====== INFORMATION PROVIDED

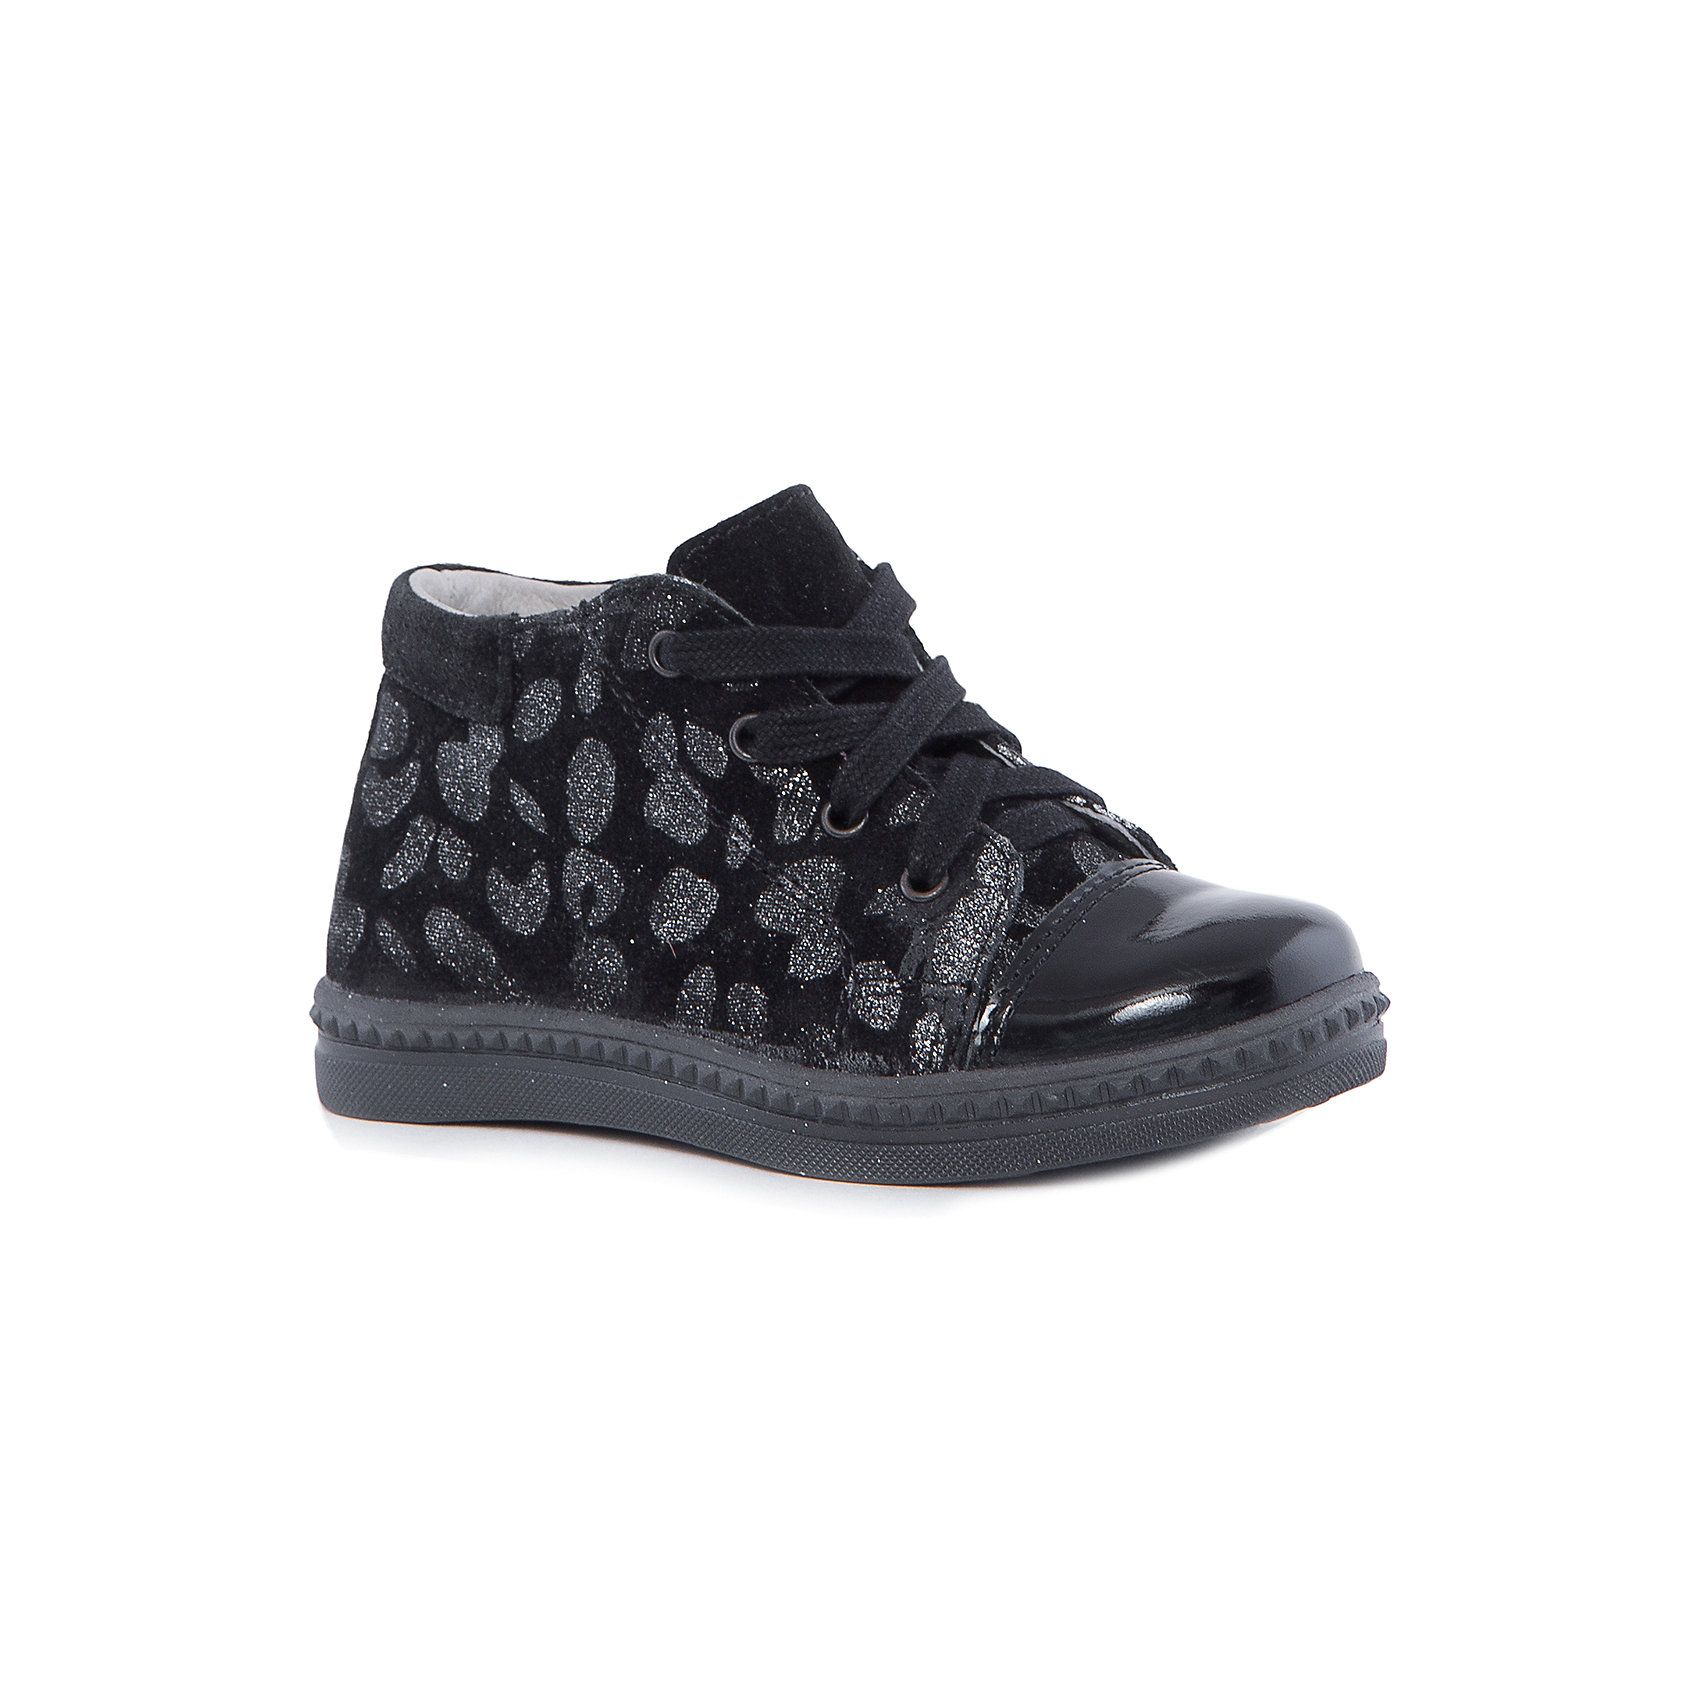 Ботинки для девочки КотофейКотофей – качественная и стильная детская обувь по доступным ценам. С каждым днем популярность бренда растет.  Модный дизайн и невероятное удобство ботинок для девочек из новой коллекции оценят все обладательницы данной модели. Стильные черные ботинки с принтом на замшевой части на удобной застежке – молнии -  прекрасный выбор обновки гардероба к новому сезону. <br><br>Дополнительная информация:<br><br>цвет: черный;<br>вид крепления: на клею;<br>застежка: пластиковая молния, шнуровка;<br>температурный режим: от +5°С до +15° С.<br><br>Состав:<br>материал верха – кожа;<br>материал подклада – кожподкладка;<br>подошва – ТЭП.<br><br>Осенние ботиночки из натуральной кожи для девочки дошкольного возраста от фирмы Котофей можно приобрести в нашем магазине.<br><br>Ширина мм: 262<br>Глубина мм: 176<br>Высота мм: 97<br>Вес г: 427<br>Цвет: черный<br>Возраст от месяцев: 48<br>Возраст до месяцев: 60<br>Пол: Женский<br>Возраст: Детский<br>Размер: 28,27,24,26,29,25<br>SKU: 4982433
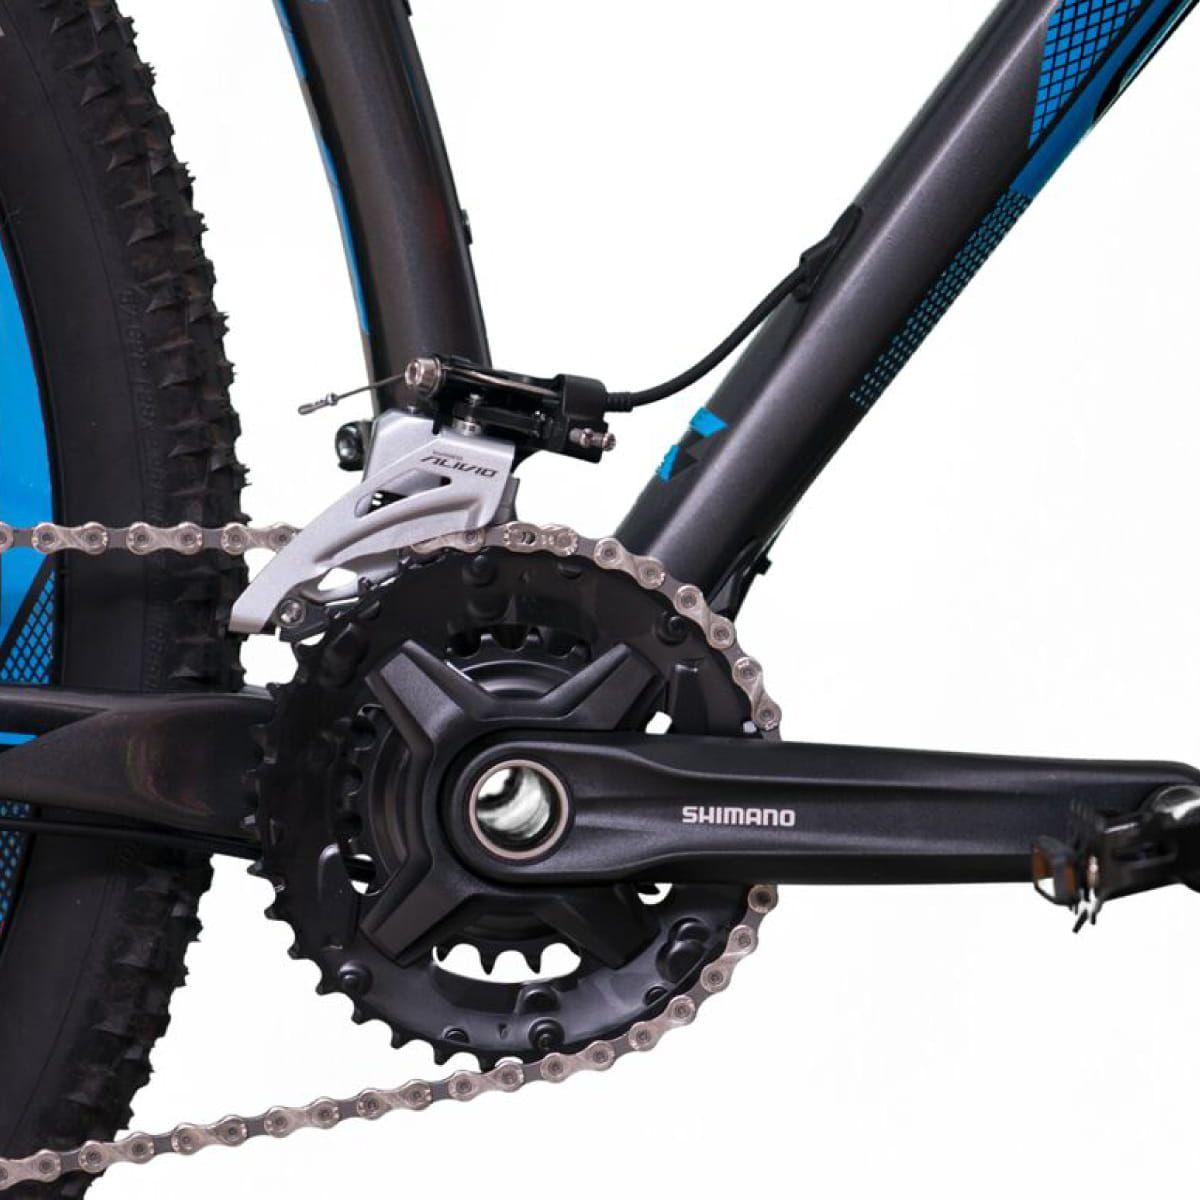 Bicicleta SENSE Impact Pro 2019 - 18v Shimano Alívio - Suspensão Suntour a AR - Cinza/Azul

============
====== INFORMATION PROVIDED

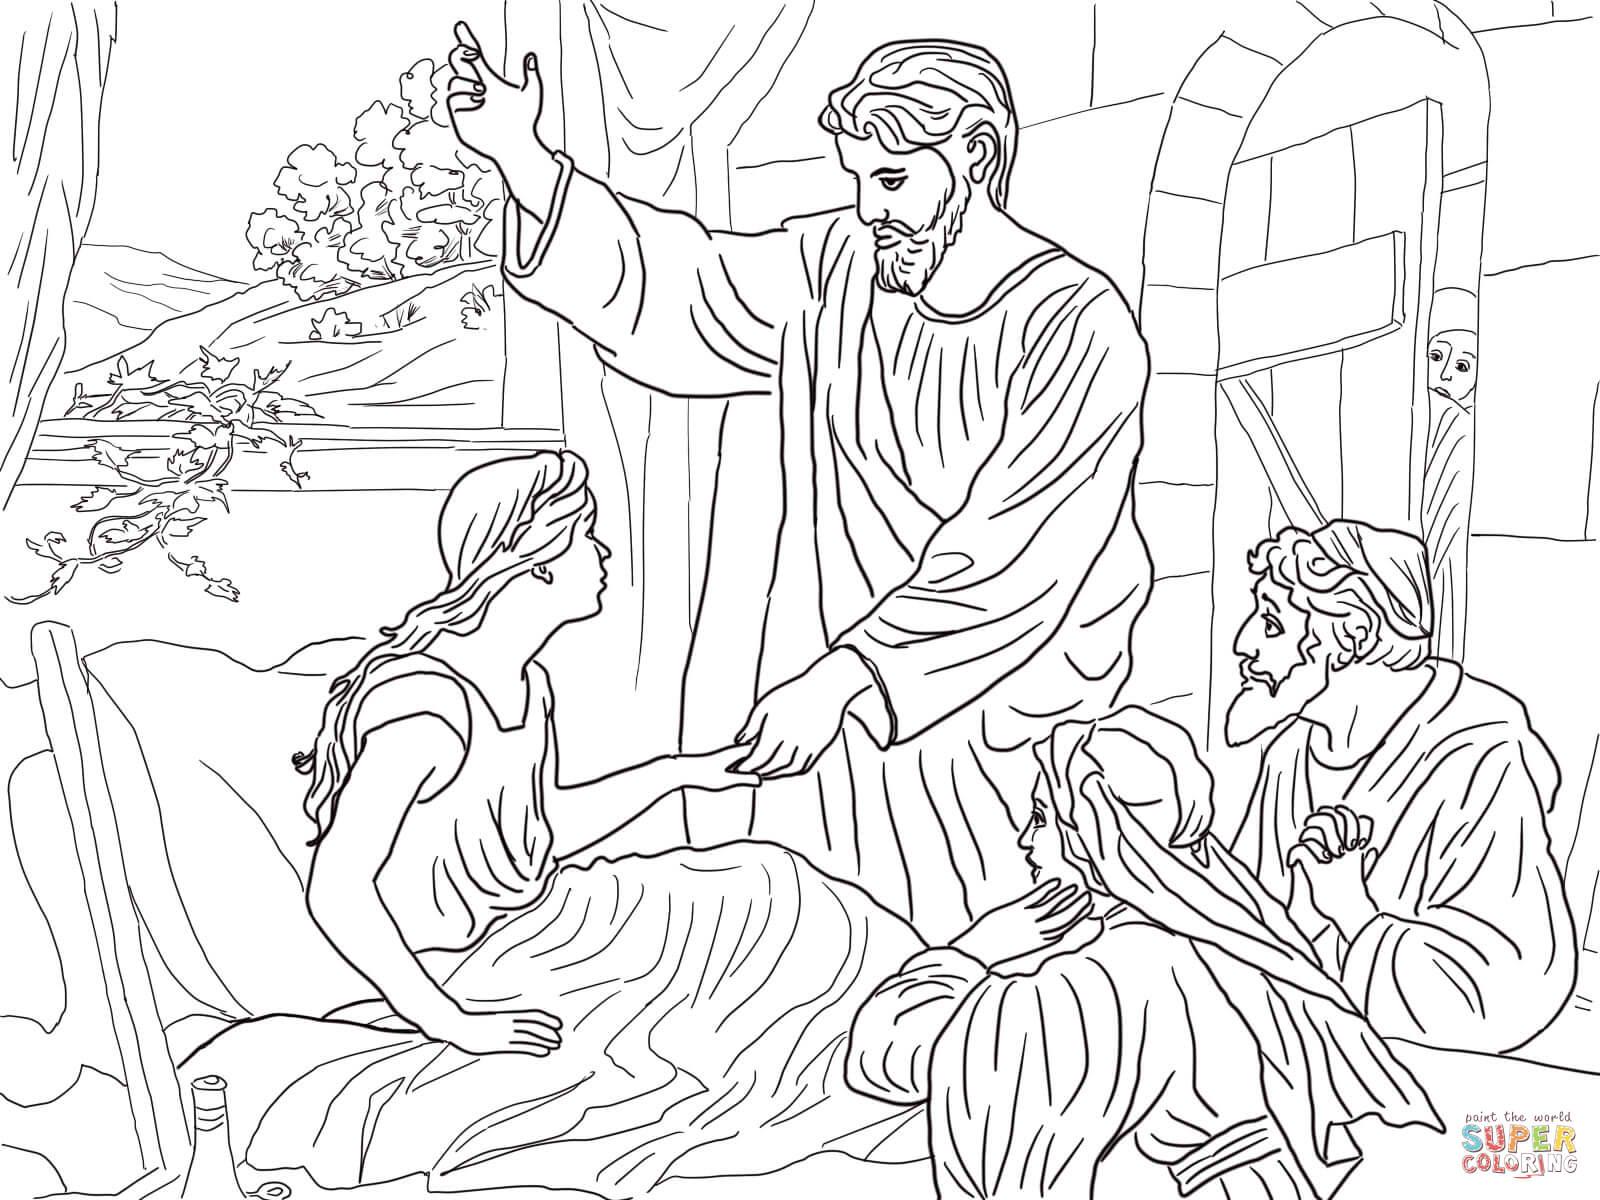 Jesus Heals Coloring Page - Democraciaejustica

============

__PROBLEM REQUIREMENTS__. In the material above, one part opens with the line containing "Ботинки для девочки" and closes with the line containing "Bicicleta SENSE Impact". Write out that part exactly and skip its pictures.

__RESPONSE AREA__.
 Ботинки для девочки КотофейКотофей – качественная и стильная детская обувь по доступным ценам. С каждым днем популярность бренда растет.  Модный дизайн и невероятное удобство ботинок для девочек из новой коллекции оценят все обладательницы данной модели. Стильные черные ботинки с принтом на замшевой части на удобной застежке – молнии -  прекрасный выбор обновки гардероба к новому сезону. <br><br>Дополнительная информация:<br><br>цвет: черный;<br>вид крепления: на клею;<br>застежка: пластиковая молния, шнуровка;<br>температурный режим: от +5°С до +15° С.<br><br>Состав:<br>материал верха – кожа;<br>материал подклада – кожподкладка;<br>подошва – ТЭП.<br><br>Осенние ботиночки из натуральной кожи для девочки дошкольного возраста от фирмы Котофей можно приобрести в нашем магазине.<br><br>Ширина мм: 262<br>Глубина мм: 176<br>Высота мм: 97<br>Вес г: 427<br>Цвет: черный<br>Возраст от месяцев: 48<br>Возраст до месяцев: 60<br>Пол: Женский<br>Возраст: Детский<br>Размер: 28,27,24,26,29,25<br>SKU: 4982433
 Bicicleta SENSE Impact Pro 2019 - 18v Shimano Alívio - Suspensão Suntour a AR - Cinza/Azul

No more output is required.